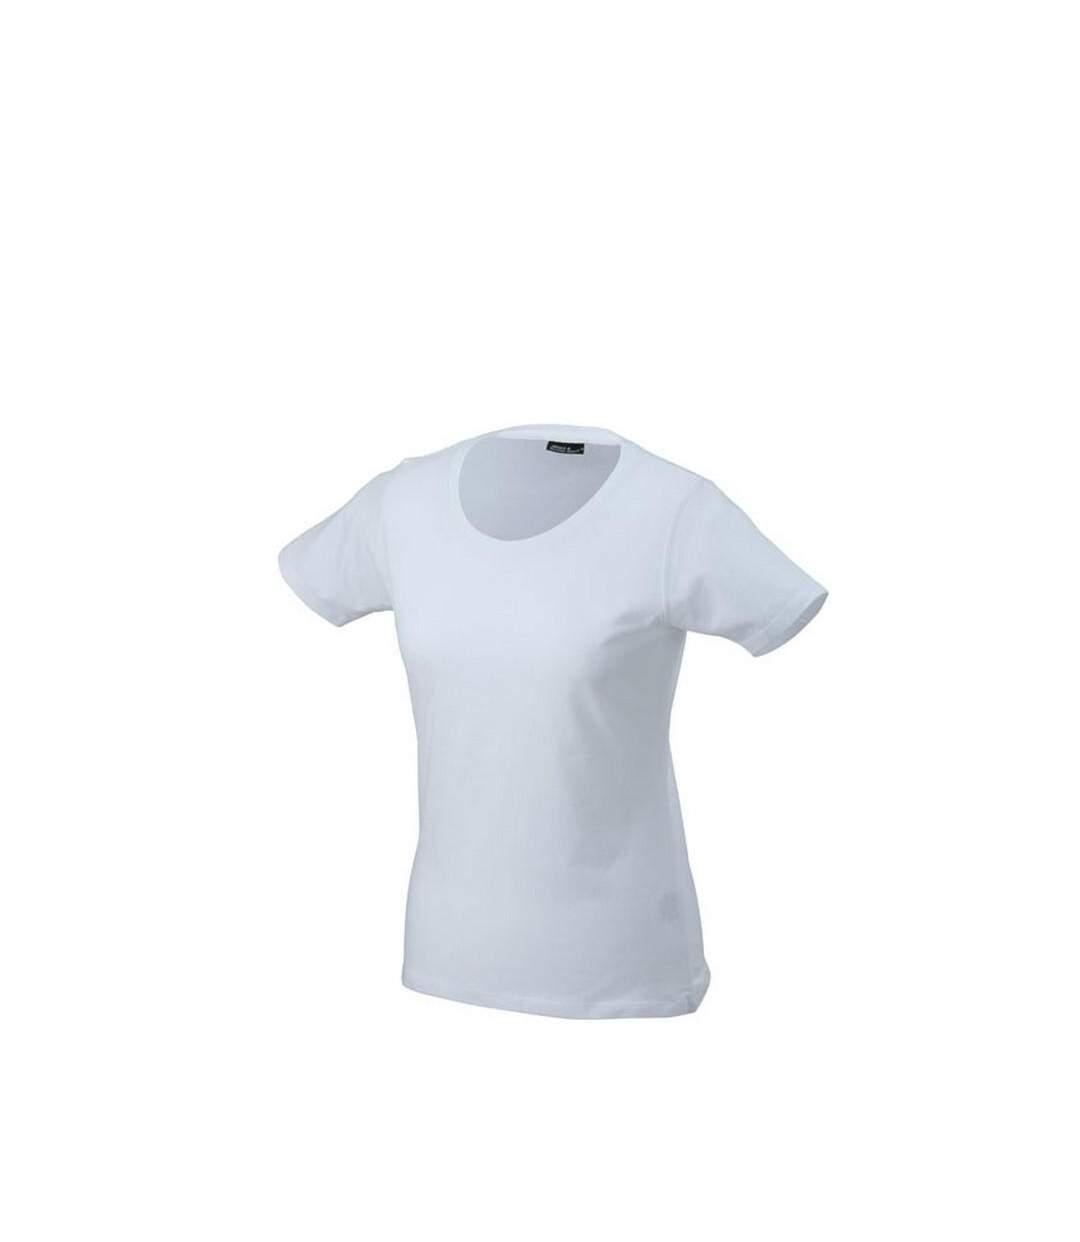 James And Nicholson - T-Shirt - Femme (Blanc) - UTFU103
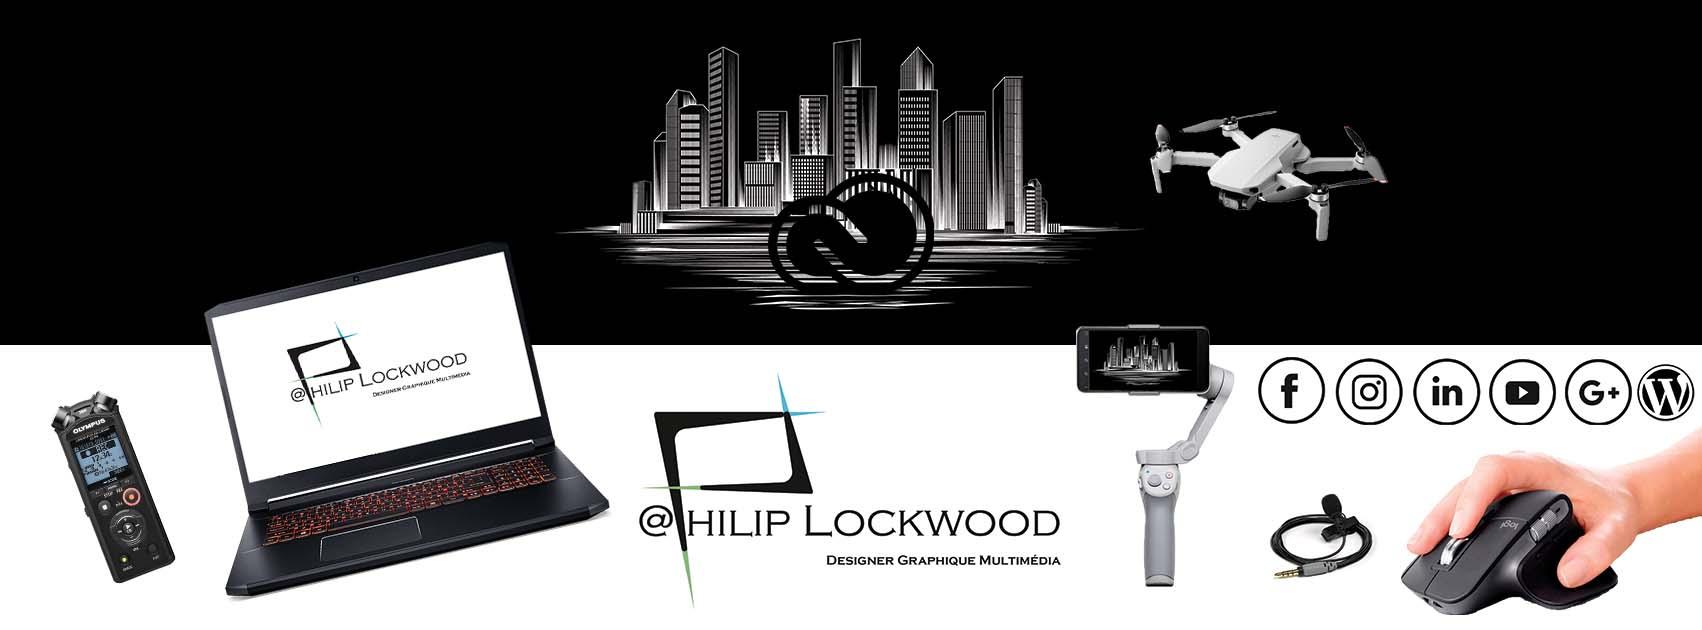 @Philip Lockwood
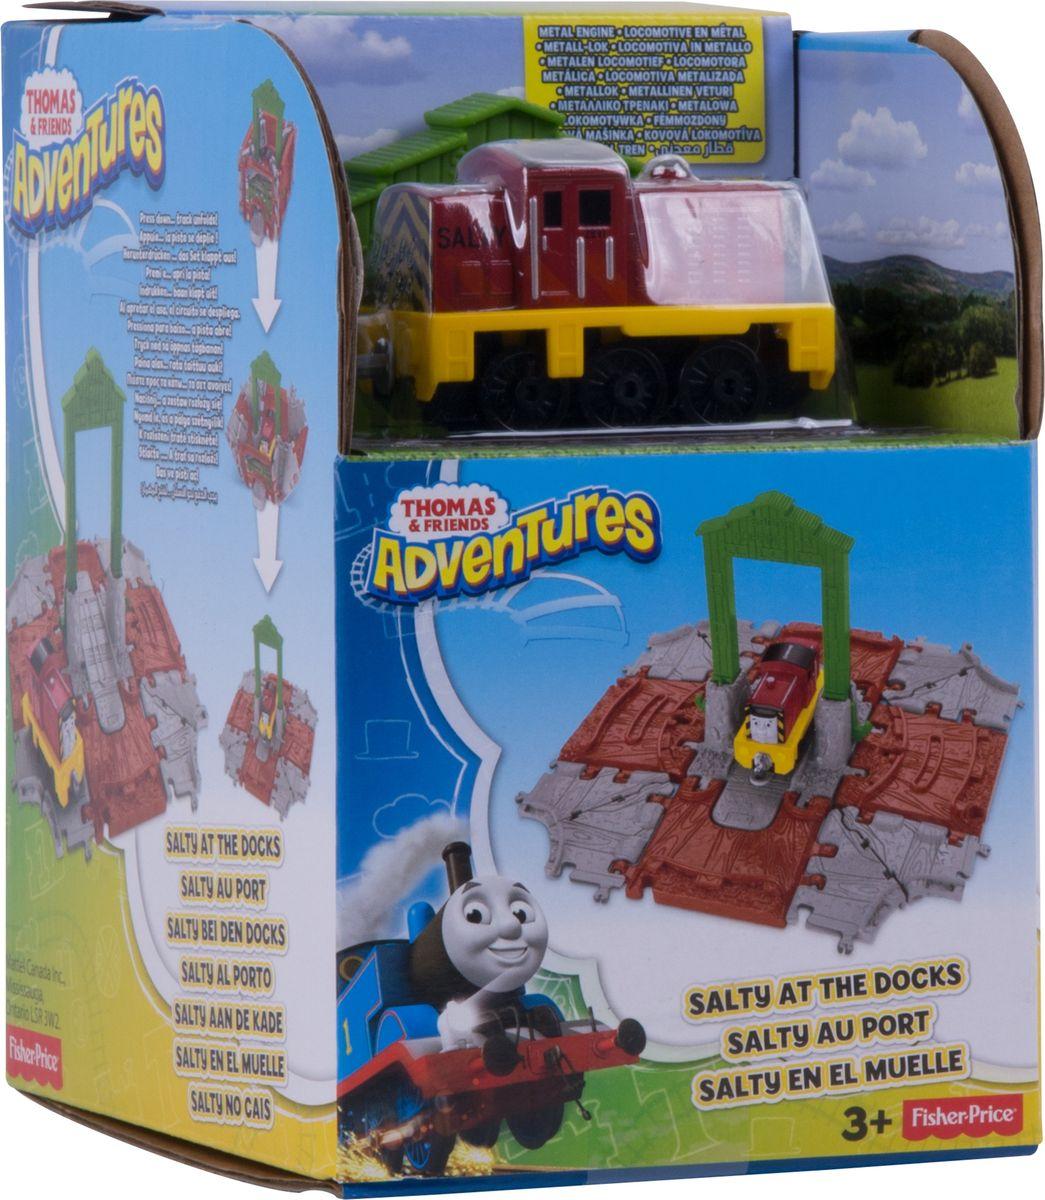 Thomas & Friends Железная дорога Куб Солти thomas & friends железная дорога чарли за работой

TO DO = Take the listing above and retype it exactly. Its pictures are to be omitted.

RESULT BELOW =
 James And Nicholson - T-Shirt - Femme (Blanc) - UTFU103
 @Philip Lockwood
 Thomas & Friends Железная дорога Куб Солти thomas & friends железная дорога чарли за работой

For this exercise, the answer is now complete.